Okullar 12 Eylül’de açılıyor. Okulları, eğitimcileri, öğrenci ve velileri eğitimin kendilerini ilgilendiren gündemi meşgul ediyor. Türkiye’de eğitim sistemimizin hiçbir kademesinde fiziksel eksikler birincil sorun değil. Zira Türkiye, son 20 yılda kamu binalarında belki de sonraki yüzyılı kurtaracak mekânsal atılımlara imza attı.

Türk eğitim sistemi, artık kendi geleneğini oluşturma yolunda ilerliyor. Bir sistemin genel kabul görmesi ve saygınlığını tüm kesimlere kabul ettirmesi sistemi yönetenlerin davranışlarıyla doğrudan alakalı. Ülkelerin asırlık politikaları olur.

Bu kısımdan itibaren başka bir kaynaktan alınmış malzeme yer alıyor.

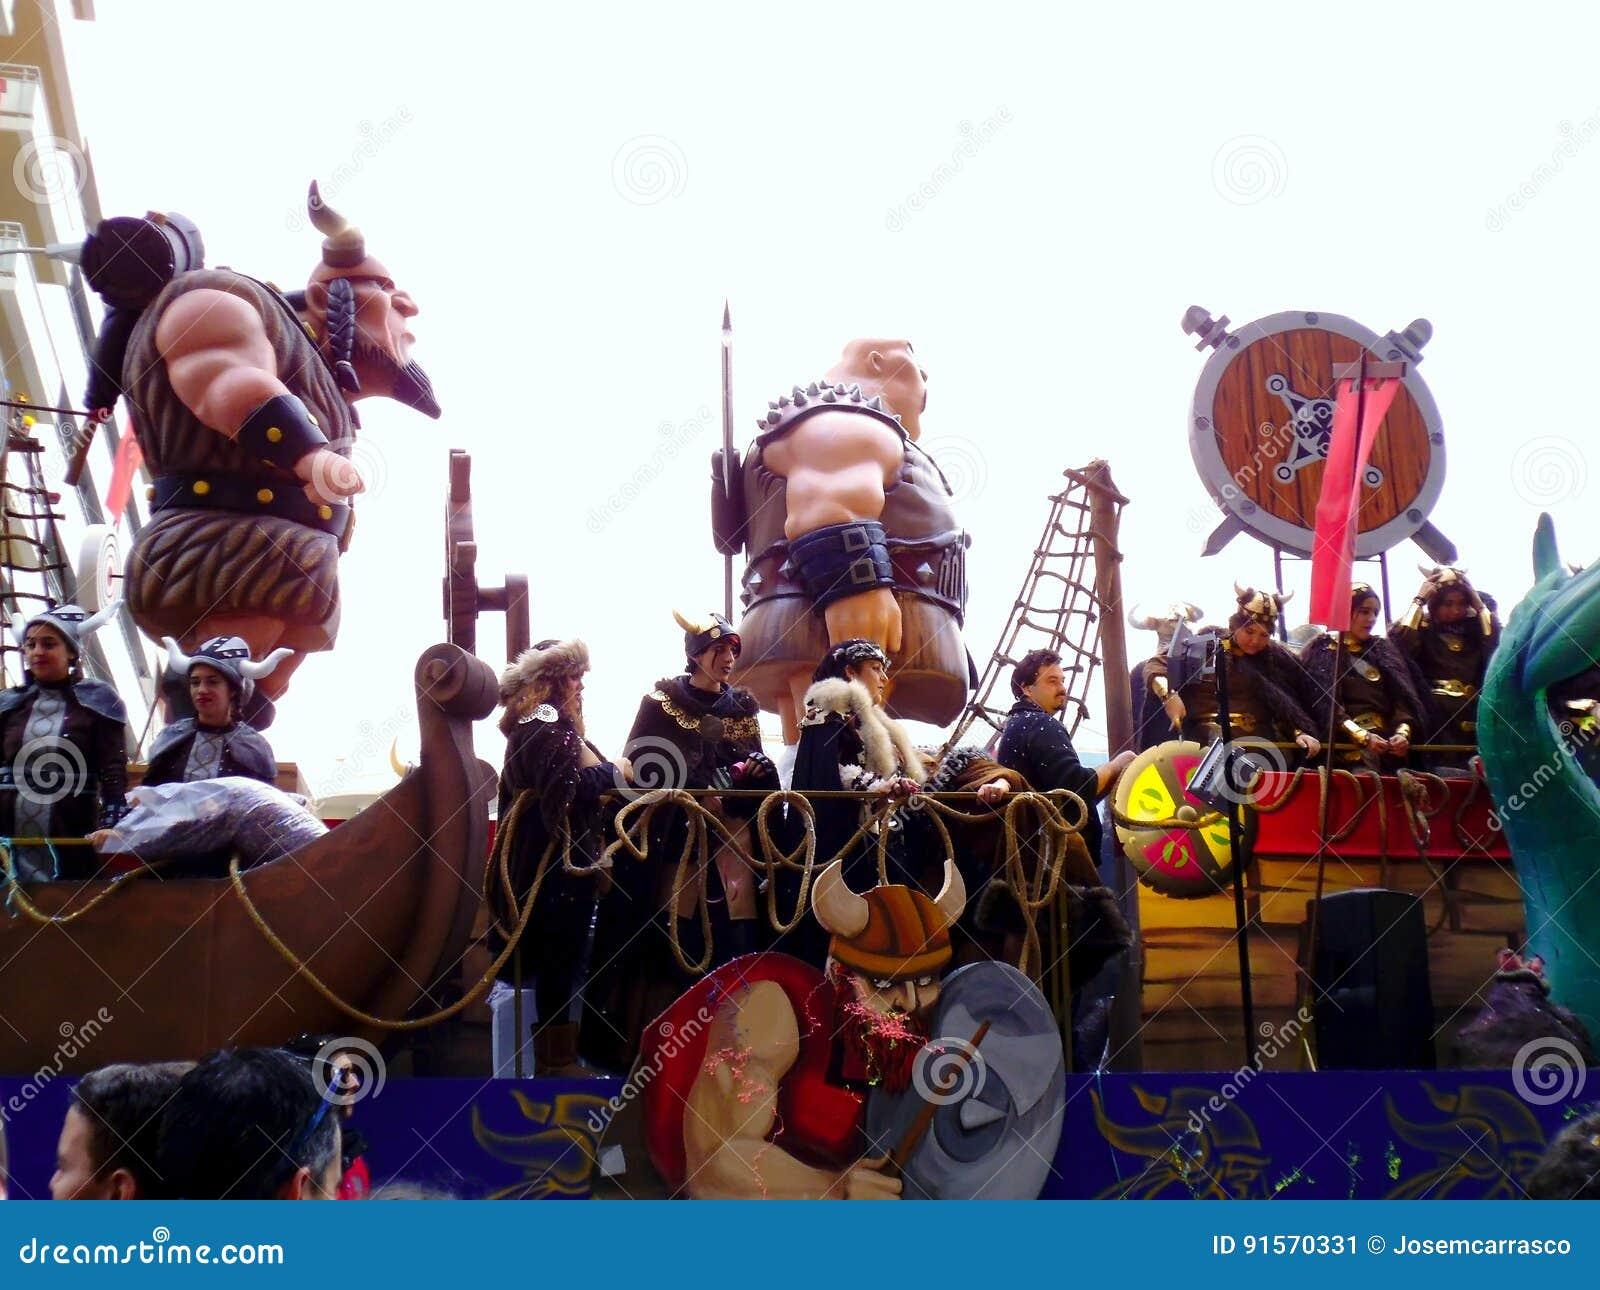 Carnaval de Cadiz 2017 andalusia spain

Hatta Batı’daki birçok eğitim kurumunun tutarlı eğitim politikaları bulunmakta.

Türk eğitim sisteminin en çok eleştirilen kısmı, sistem değişikliklerinin çok fazla olması hususudur. Hükümetlere göre değişmesi bile problemli gözüken eğitim politikalarının Bakanlara göre değişmesi eğitim sisteminin kendi geleneğini oluşturmasına engel olmaktadır. Özellikle merkezi sınav usullerinin, ilkokul, ortaokul ve lise seviyesinde yürütülen uygulamaların sıkça değişmesi eleştiri konusu.

Öğretmen yetiştirme alanında da çözülemeyen sorunlar bulunmakta. Zira öğretmen yetiştirmek amacıyla kurulan eğitim fakültelerinin yanında fen edebiyat fakültelerinin de araştırmacı yetiştirme görevinin neredeyse lağvedilip öğretmen yetiştiren kurumlara dönüşmesi önemli bir sorun. Zira öğretmenlik uzmanlık gerektiren bir meslek ve pedagojik formasyon eğitimi alınmalı hem de çok kaliteli bir şekilde alınmalı.

Eğitim fakülteleri ile Milli Eğitim Bakanlığı arasındaki iletişim ve etkileşim mutlaka gözden geçirilmelidir. Eğitim fakülteleri öğretmenlerin yetiştirildiği fakültelerdir. Acaba mezun edilen ve eğitim sistemine dahil olan öğretmenlerle ilgili eğitim fakültelerinin takibi, süreç içerisinde ortaya çıkan sorunların çözümü gibi hususlarda bir çalışması var mı?

Okullar açılıyor, öğrenciler artık yüz yüze eğitim alacaklar. Velileri alışveriş telaşı sardı. Velilerin en büyük masraf kalemi olan kitaplar bu yıl da Bakanlıkça ücretsiz dağıtılacak. Fakat kamuoyuna yansıyan ve velilerin en önemli serzeniş noktası kılık kıyafet tercihlerinde. Her okul, kendi kıyafetini kendisi belirliyor. Fakat okulların zaman zaman farklı kıyafet belirlemeleri velilere ek bir külfete dönüşmekte.

Kıyafet satan mağazaların yönlendirmeleri ve okulların tercihleri ile kıyafet değişikliği yapılmakta. Lakin yaşanan ekonomik zorluklar göz önünde tutularak mümkün olduğu kadar kıyafet değişikliğine gidilmemesi, gereksiz kırtasiye taleplerinin olmaması önemli.

Servis ücretleri bu yıl velilerin ekonomik planını bozacak gibi. En kısa mesafenin 5 yüz liralardan başlayacağı ifade ediliyor. İki ya da üç öğrencisi olan bir velinin bu yükün altından kalkması çok zor.

Eğitimin her kesimi kendisini ilgilendiren kısmıyla meşgul. Öğretmenler ise yaz tatilleri boyunca uzman ve başöğretmen sınavıyla yattı kalktı. Gelinen noktada bakanlığın açıklamasına göre sınav yapılacak gibi. Sınavsız uzman ve başöğretmen olma talebi haklı bir talep. Fakat genel kamu personeli kariyer sistemi içerisinde sınavsız bir uzmanlık ve başöğretmenlik verilmeyecek anlaşılan.

Öğretmenler bir yandan itirazlarını dile getirirken bir yandan da sınav hazırlıklarını sürdürüyor. Sınavın online yapılması beklentisi hakim. Bakanlık sahanın önerilerine değer vermeli.